The brilliant eyes bored into mine. "You had to know," he said. "You had to know what would happen if he believed you had power."

"Please tell me you didn’t engineer the whole Appius thing?" That would be more than I could bear.

"No. Eric is unfortunate in that people feel the need to take him down a peg, including his own maker. The Roman wanted to keep control over so vital a being even after his own death, which became far more likely once he turned the child. So unstable. Appius Livius Ocella made mistakes in his whole long existence. Perhaps changing Eric was his finest hour. He created the perfect vampire. Eric’s only flaw is you."

"But …" I couldn’t think of what I’d been about to say.

"Of course, that’s not how I perceive it, dearest. You are the one right impulse Eric has had in five hundred years or more. Well, Pam is all right. Even Eric’s other living child does not rival her maker."

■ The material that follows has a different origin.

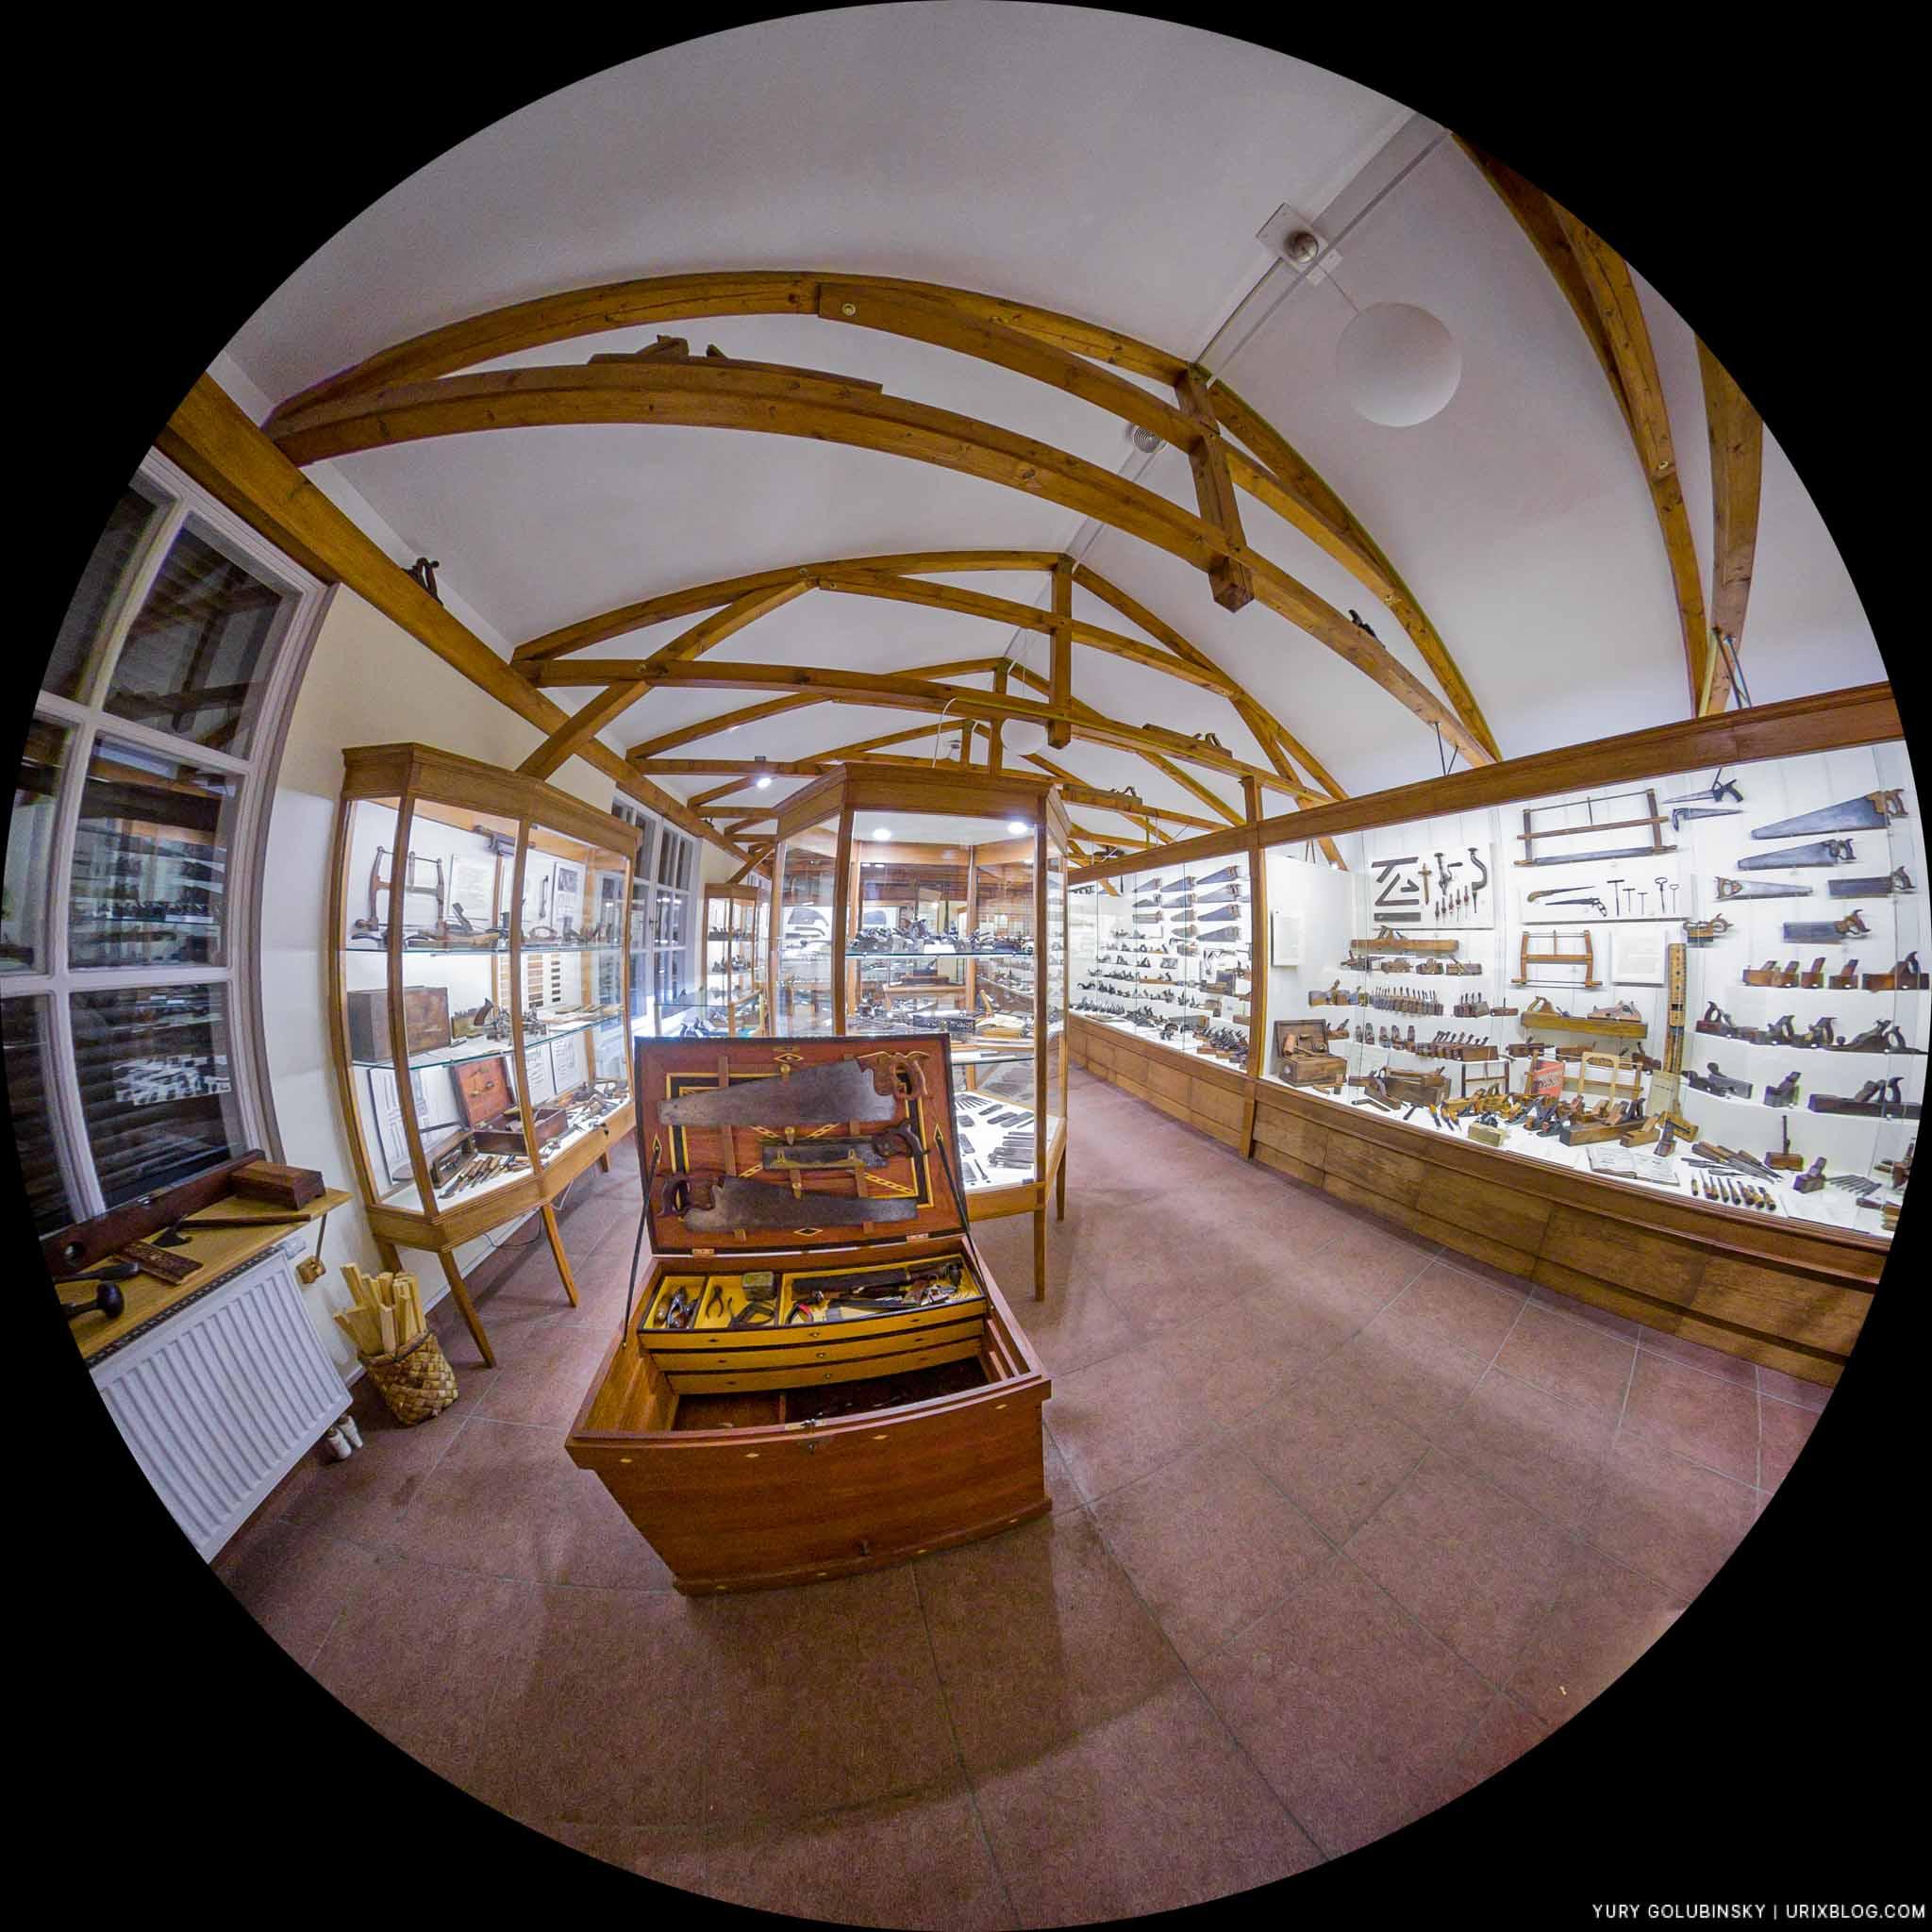 Museum of carpentry tools, Pushkino, Moscow oblast, Russia, museum, carpentry tools, showcase, fisheye, panorama, Insta360 One X, 2019

"Thanks," I said numbly, the words not sinking in at all. "So you knew Appius?"

"We met. He was a stinking Roman ass**le."

"True."

"I was glad when he died. Out in your front yard, wasn’t it?"

"Ah. Yes."

"The ground around your house has become soaked with blood. It will add to its magic and fertility."

"What happens now?" I said, because I simply couldn’t think of what else to say.

He lifted me and carried me out of the bedroom like I was a baby. It didn’t feel like the times when Eric had carried me, which had had a definitely carnal edge. This was incredibly tender and (like a lot of things about my great-grandfather) incredibly creepy.

He put me on the couch as carefully as if I were an egg. "This is what happens next," he told me. He turned to the other fae, still on their knees. Claude had stopped thrashing and was looking up at Niall with resignation. For the moment, Niall ignored his grandson.

"Do you all want to go home?" he asked the others.

"Yes, Prince," said Dirk. "Please, with our kindred waiting at Claude’s club? If we may? If you will."

Dermot said, "With your blessing, I’ll stay here, Father."

For a moment they all looked at Dermot incredulously, as if he’d just announced he was going to birth a kangaroo.

Niall folded Dermot to him. I could see Dermot’s face, and it was ecstatic, frightened, everything I had felt in Niall’s embrace. Niall said, "You won’t be a fairy anymore. The American fae are all leaving. Choose."

The conflict on Dermot’s face was painful to see. "Sookie," he said, "who can finish your upstairs work?"

"I’ll hire Terry Bellefleur," I said. "He won’t be as good as you, Dermot."

"No television," Dermot said. "I’ll miss HGTV." Then he smiled. "But I can’t live without my essence, and I am your son, Niall."

Niall beamed down at Dermot, which was what Dermot had wanted his whole life.

I got up because I couldn’t stand to have him leave without a hug. I even started crying, which I hadn’t expected. They all kissed me, even Bellenos, though I felt his teeth scrape lightly on my cheek, and I felt his chest move in a silent chuckle.

Niall made some mysterious signs over my head and closed his eyes, just like a priest giving a blessing. I felt something change in the house, the land.

And then they were gone. Even Claude.

I was stupefied. I was willing to bet that over at Hooligans, the bar stood empty, the doors locked.

The fae were gone from America. Their departure point? Bon Temps, Louisiana. The woods behind my house.

Chapter 16

As you can imagine, it wasn’t easy to go on and have a normal day after that.

I hadn’t slept all night, and the traumas had just kept on coming.

But after I showered and straightened up the living room, which had suffered a bit during the fight, I found myself sitting at the kitchen table trying to absorb everything: last night, this morning.

It was taking a lot of energy to do that. About halfway through setting my mental house in order, I had to think about something else. Luckily, there was something right in front of me that would serve.

Among the presents I’d tossed to the table last night was Pam’s little box, Bill’s box, and Sam’s envelope, which I’d never examined. Pam had given me perfume, and I liked the smell of it very much. Bill had given me a necklace with a cameo pendant. The likeness on it was my gran’s. "Oh, Bill," I said, "you did great!" Nothing could top such a gift, I thought, as I reached for Sam’s envelope. I figured he’d picked a fancy birthday card-with, maybe, a gift certificate enclosed.